Nunca a história viu a expulsão simultânea de um número tão grande de diplomatas e funcionários de uma embaixada, mas esta medida não deve ser interpretada como uma “perda de paciência” de Vladimir Putin. O Kremlin não costuma tomar medidas imponderadas, mesmo que elas contenham graves riscos para a Rússia.
Ao expulsar 755 diplomáticos norte-americanos da Rússia, o seu Presidente quer mostrar uma vez mais que não está disposto a ceder a pressões. Em vésperas de eleições presidenciais (marcadas para Março do próximo ano), Putin obteve mais um instrumento de fortificar as suas posições na sociedade russa.
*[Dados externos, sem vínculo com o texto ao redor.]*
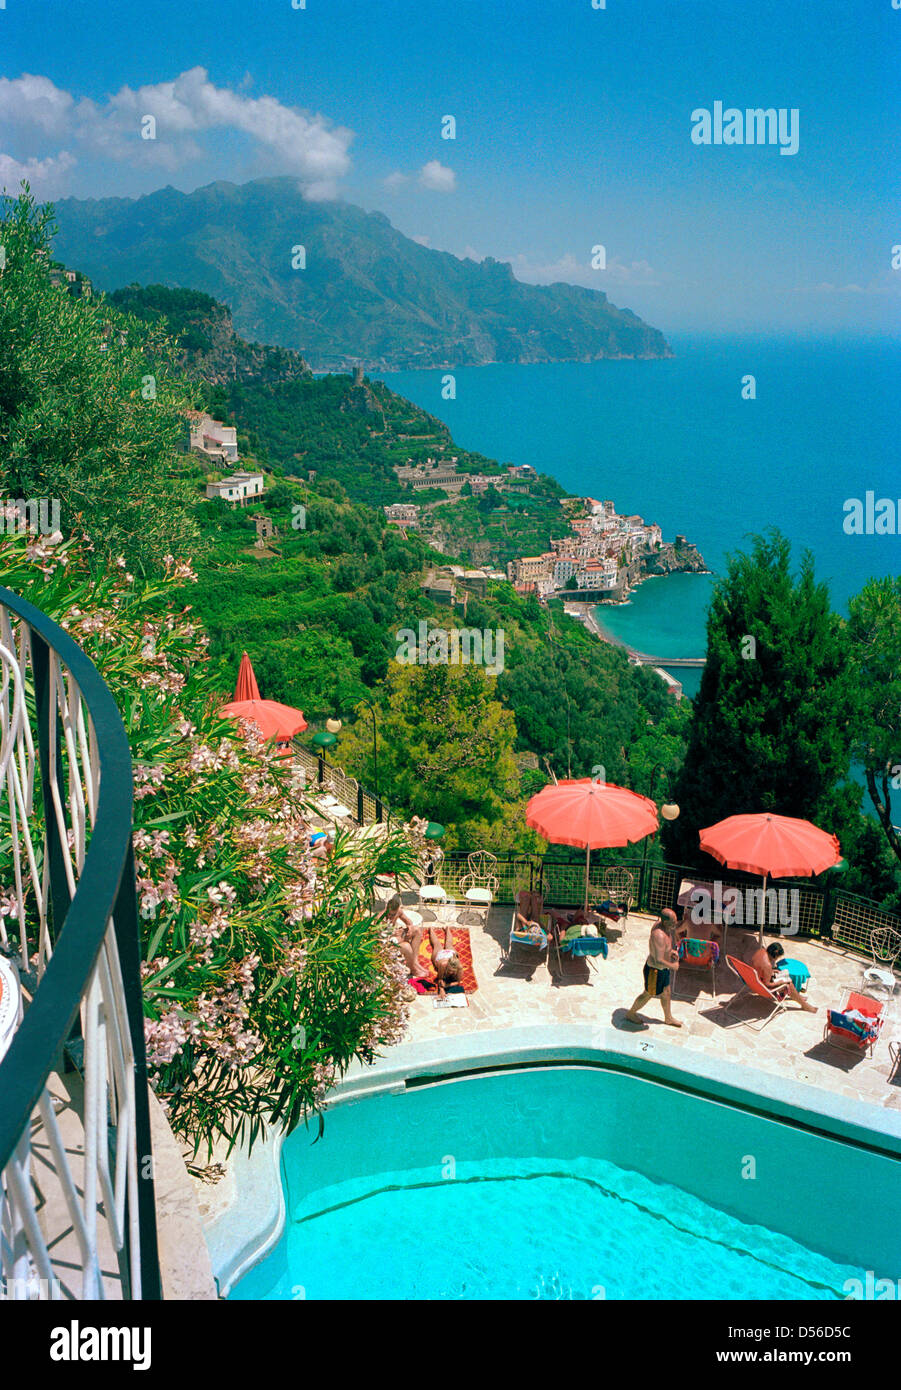 The view along the coastline towards Amalfi town from a clifftop hotel Stock Photo
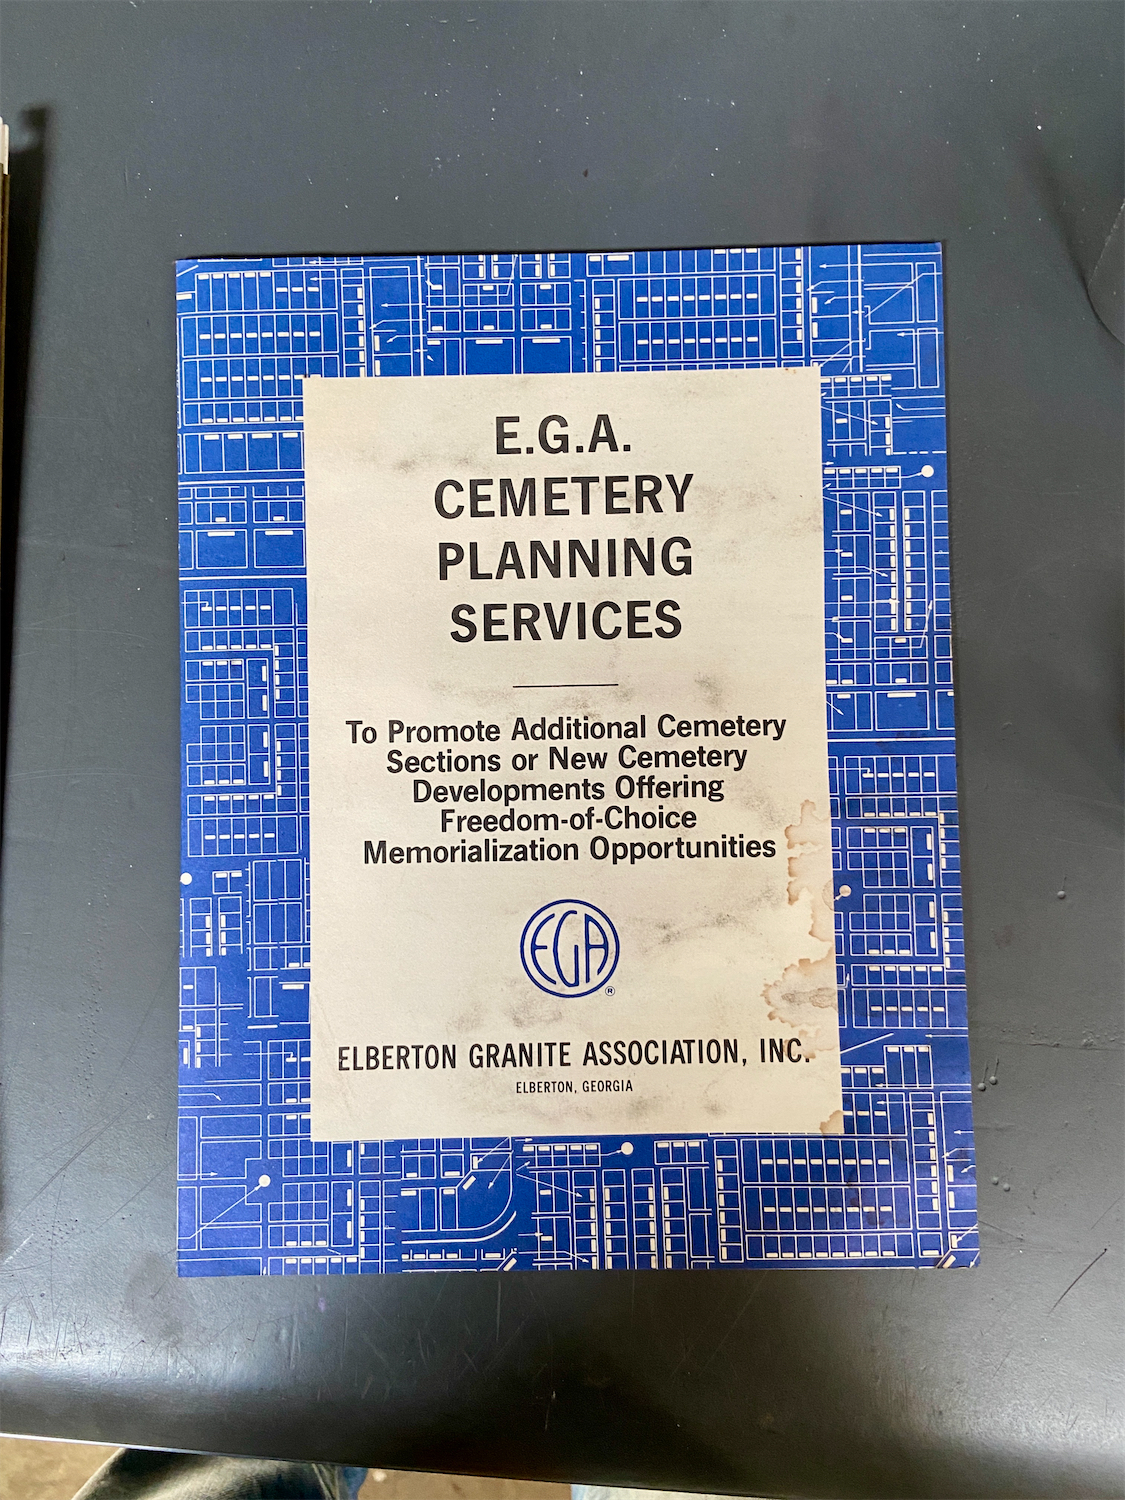 A brochure, likely from the mid 20th century, titled E.G.A. Cemetery Planning Services.

Num país assolado por uma onda de anti-americanismo que já não se via desde a guerra fria, este confronto entre Moscovo e Washington é uma prenda para o “czar”. Os Estados Unidos são apresentados como uma potência que quer destruir a Rússia, apoderar-se das suas riquezas naturais, com cujos dirigentes é impossível dialogar e, se Trump e os americanos são orgulhosos, Putin e os russos não lhes ficam atrás.
Vladimir Putin até deu um sinal de “boa vontade” ao deixar ficar em Moscovo 455 funcionários e diplomatas americanos, tantos quantos os russos que fazem idêntico trabalho na América.
Além disso, com a forte redução do pessoal diplomático e administrativo, os cidadãos russos terão de esperar ainda mais tempo pelos vistos norte-americanos: vários meses, o que também contribui para o aumento do sentimento anti-americano já existente no país.
Mas, na decisão do Kremlin, o mais importante consiste em que Putin parece ter perdido a esperança de ver em Trump um político capaz de participar na normalização das relações entre os dois países, considerando que o seu homólogo norte-americano está manietado por numerosos escândalos, muitos deles ligados à chamada ingerência russa no processo eleitoral que levou Donald Trump ao poder.
Além disso, por detrás do último pacote de sanções assinadas por Trump, é notória a política norte-americana de tentar, se não desalojar, pelo menos reduzir o papel da Rússia no mercado do gás natural na Europa. Elas visam claramente dificultar, ou até mesmo impedir, a construção do gasoduto North Stream – 2, que poderá ligar a Rússia e a Alemanha através do Mar Báltico. Segundo o projecto, os dois tubos deste gasoduto permitirão transportar mail de 55 mil milhões de metros cúbicos de combustível por ano.
Desse modo, as empresas norte-americanas passariam a ter possibilidade de exportar gás condensado extraído dos xistos para a Europa. Embora os ambientalistas afirmem que a extracção desse combustível é altamente prejudicial para o ambiente, Trump retirou as barreiras legais à sua extracção. E caso tenha êxito, a Europa será um dos mercados principais. Por exemplo, a pequena Lituânia já substituiu o gás russo por americano.
Se semelhante projecto continuar a avançar, o porto de Sines irá ter uma importância estratégica e a construção do gasoduto entre Espanha e França permitirá fazer com a Europa alivie a sua dependência do gás russo e fique com maior poder negocial.
Nesta luta, a União Europeia não pode ser um espectador passivo, mas tentar tirar proveito das contradições entre a Rússia e os Estados Unidos. Em alguns casos, poderá servir mesmo para intermediar e acalmar as turbulentas relações entre Washington e Moscovo. Tudo vai depender da coragem política de Bruxelas.
Os Estados Unidos já prometeram responder à bofetada sem luva desferida por Putin com esta expulsão dos seus diplomatas. A sua resposta, neste campo, não pode ser simétrica sequer, pois isso faria com que a Embaixada e os Consulados russos ficassem simplesmente sem pessoal.
Porém, existem outras respostas, principalmente no campo financeiro, económico e político, podendo levar a uma espiral de sanções e contra-sanções imprevisíveis, pois nem Trump, nem Putin quererão dar sinais de fraqueza.
Pode parecer um cenário surrealista, mas não me admiraria se Putin ordenasse a saída dos astronautas americanos da Estação Espacial Internacional. Enviá-los para Terra, claro está, e não os deixar a vaguear pelo Espaço.
O que é de lamentar é que esta “nova guerra fria” desvia as atenções e não permite resolver problemas internacionais de primordial importância: guerra na Síria e na Ucrânia; crise de mísseis norte-coreanos, etc.